Et comme objectif « que... les Canadiens français redeviennent fiers... qu’ils croient en leur avenir... », tout en les convainquant que les banques anglaises les « maintiennent dans la misère, au service des patrons anglais ! Ils s’assurent [qu’ils restent] un petit peuple de porteurs d’eau et d’ouvriers ! »

 

Au passage, plusieurs ouvrages qui circulent à l’époque sont cités : La Vérité (périodique) Pour la patrie (Jules-Paul Tardivel), La franc-maçonnerie dans la province de Québec en 1883 (Jean d’Erbrée), La franc-maçonnerie dévoilée et expliquée et Les assassinats maçonniques (Léo Taxil) et Le labarium antimaçonnique. Certains de ces ouvrages sont encore de nos jours disponibles en librairie.

 



Mes études classiques m’ont permis de rappeler à la mémoire un segment de l’histoire de l’Empire romain que le roman met première ligne : le «  labarum » qui apparaissait « sur l’étendard fabriqué sur l’ordre de Constantin avant la bataille du pont Milvius, en 312. [...] il était vraisemblablement composé du monogramme du Christ et d’une croix en X ». Le symbole ayant été adopté par la Ligue du labarum antimaçonnique à laquelle le roman fait référence.


 

J’y ai appris un nouveau mot, narthex, et une création néologique de Joseph Laflamme : la « quadrisection capillaire ».

 

Comme dans le roman précédent, Hervé Gagnon met à jour son inventaire des moustaches à la mode de cette fin du XIXe siècle : épaisse, frisée, finement taillée, cirée, lissée, extravagante, en fer à cheval, touffue.

 

Il nous fait saliver avec des échantillons de la gastronomie britannique (welsh rabbit, steak & kidney pie, banger & mash), des fromages anglais (Gloucester, Stilton, Chester, Wiltshire, North Wilton) et d’un classique de la cuisine familiale canadienne-française : le rôti de porc avec des patates brunes.

 

Il partage avec Joseph Laflamme un constat sur l’influence de la religion sur le quotidien des « croyants » : 

 

« Quand on est condamné à vivre pour un petit pain, quand on n'a aucun contrôle sur sa vie ni espoir d'en sortir, on a besoin que l'existence ait un sens, que ce soit la faute de quelqu'un. C'est exactement le même mécanisme que la religion : croyez et vous serez sauvés. Et surtout, gagnez votre ciel par la souffrance. Heureux vous qui êtes pauvres, car le royaume de Dieu est à vous, et tout le tralala. Tout est question d'exploitation de la crédulité humaine. Surtout celle des esprits les plus simples. »

 

Que « ... la frontière entre la ferveur religieuse et la folie est mince » et que  « La foi a cette étrange faculté de devenir la vérité sans la moindre preuve. »

 

Comme dans plusieurs de mes avis de lecture, je mets en évidence ces descriptions imagées :

 

« ... l’air d’une mère excédée par les chamailleries des enfants. »

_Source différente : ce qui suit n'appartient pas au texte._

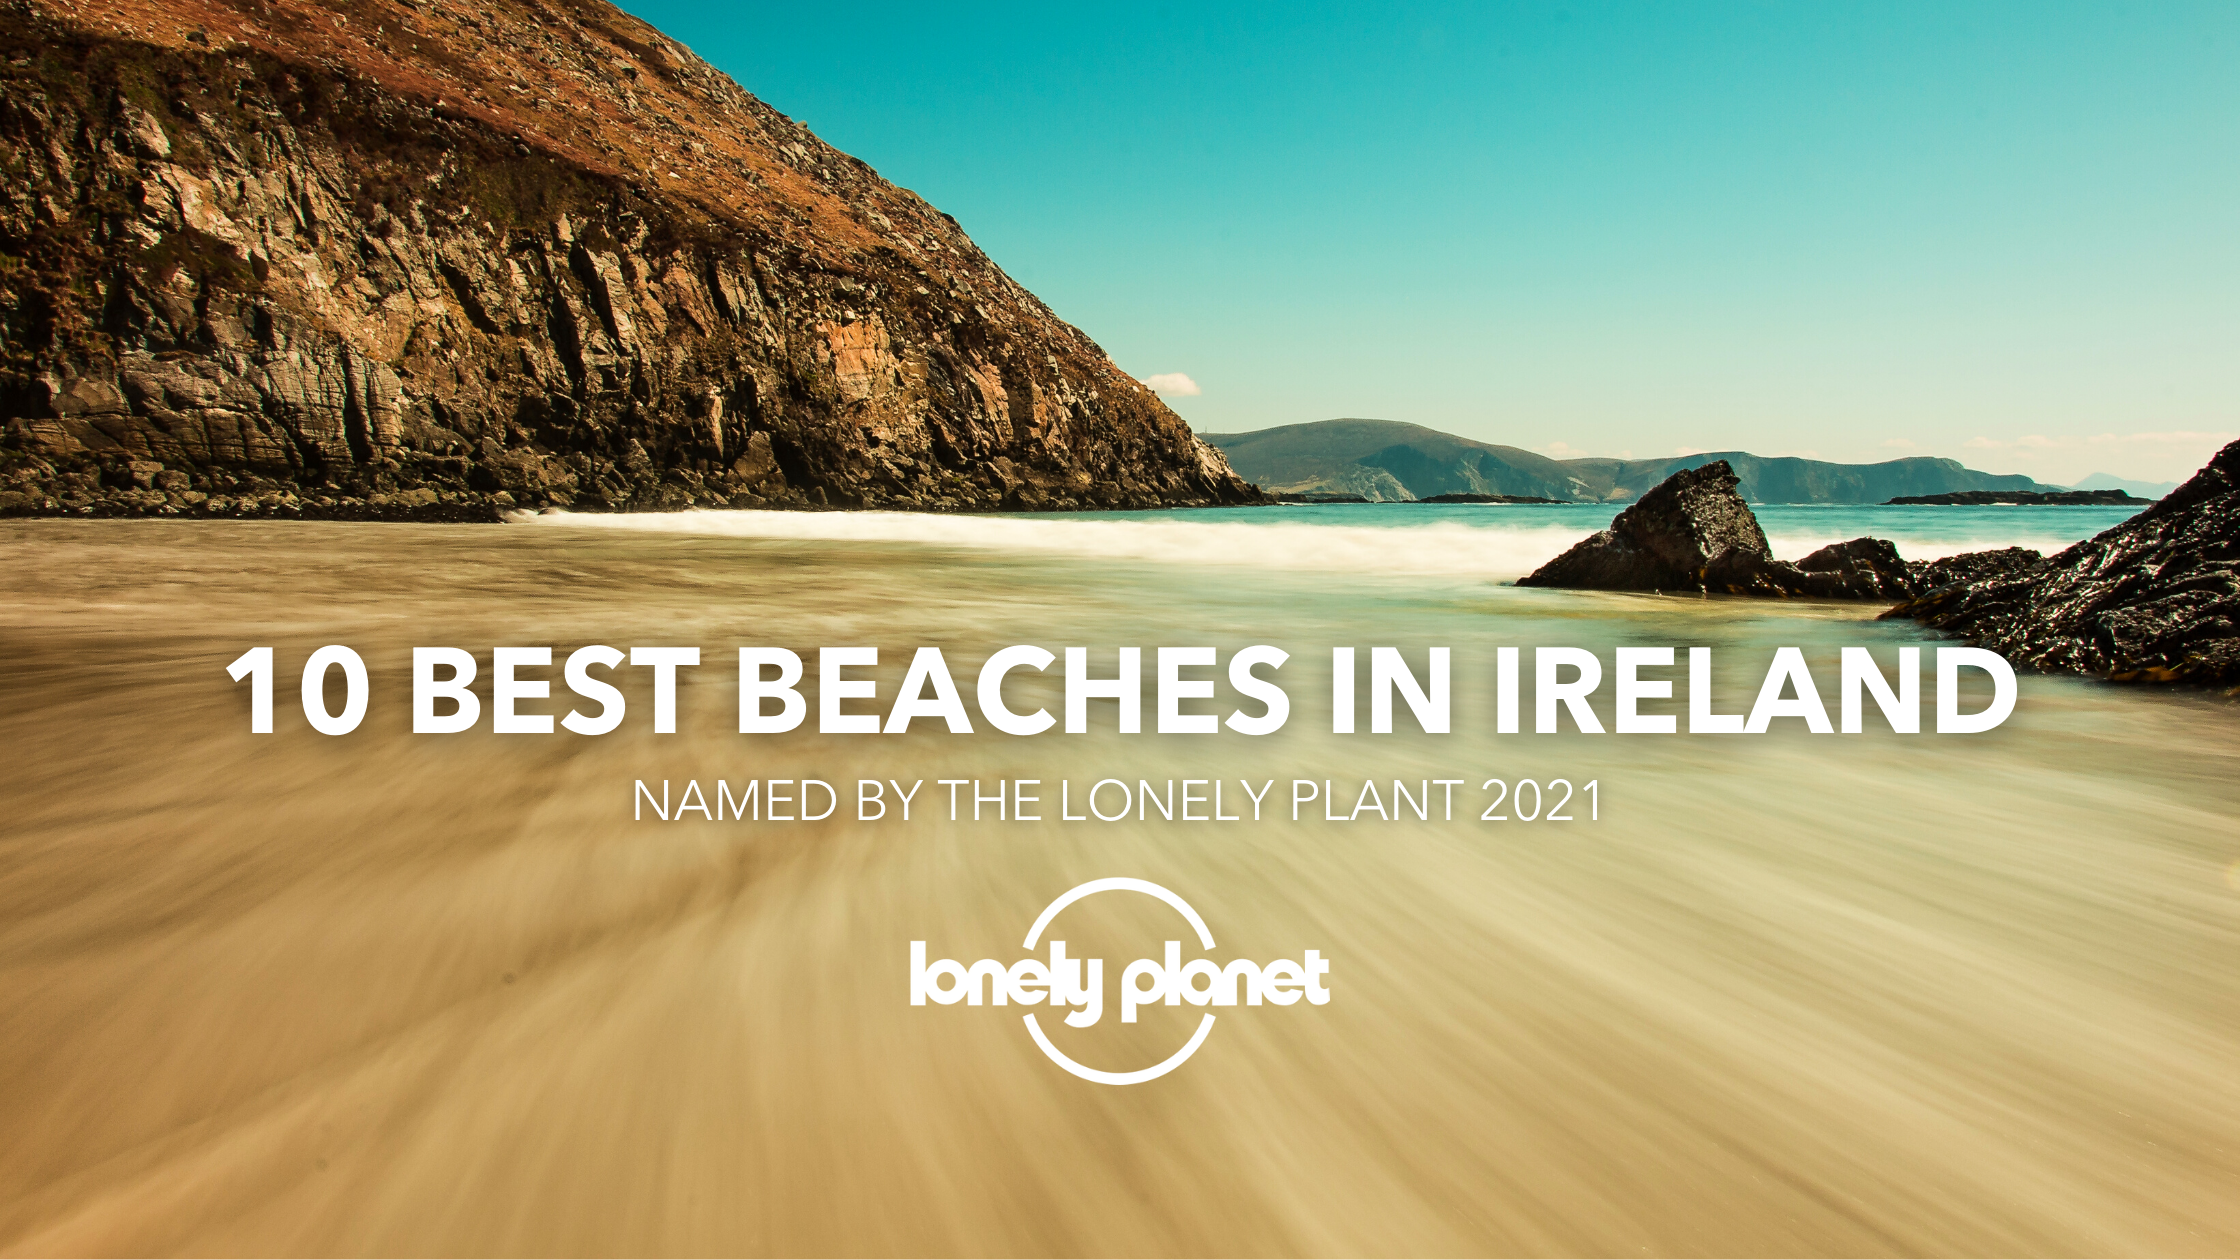 Top 10 Best Beaches in Ireland according to the Lonely Planet 2021

« ... l’air d’avoir mordu dans un citron. »

« ... aussi nerveux qu’un chat à longue queue dans une pièce remplie de chaises berçantes. »

« Une ombre fugitive passa sur le visage émacié. »

 

Quant aux manifestants qui scandent « Liberté ! Liberté ! Liberté ! », il auraient pu tout aussi bien transformer leurs cris en « Libarté ! Libarté ! Libarté ! »

 

Encore une fois, j’ai eu l’impression de vivre les événements aux côtés des personnages issus de l’imaginaire de Hervé Gagnon qui excelle dans les mises en situation, la trame dramatique qui anime la lecture et les dialogues qui nous font découvrir le profil psychologique des différents acteurs.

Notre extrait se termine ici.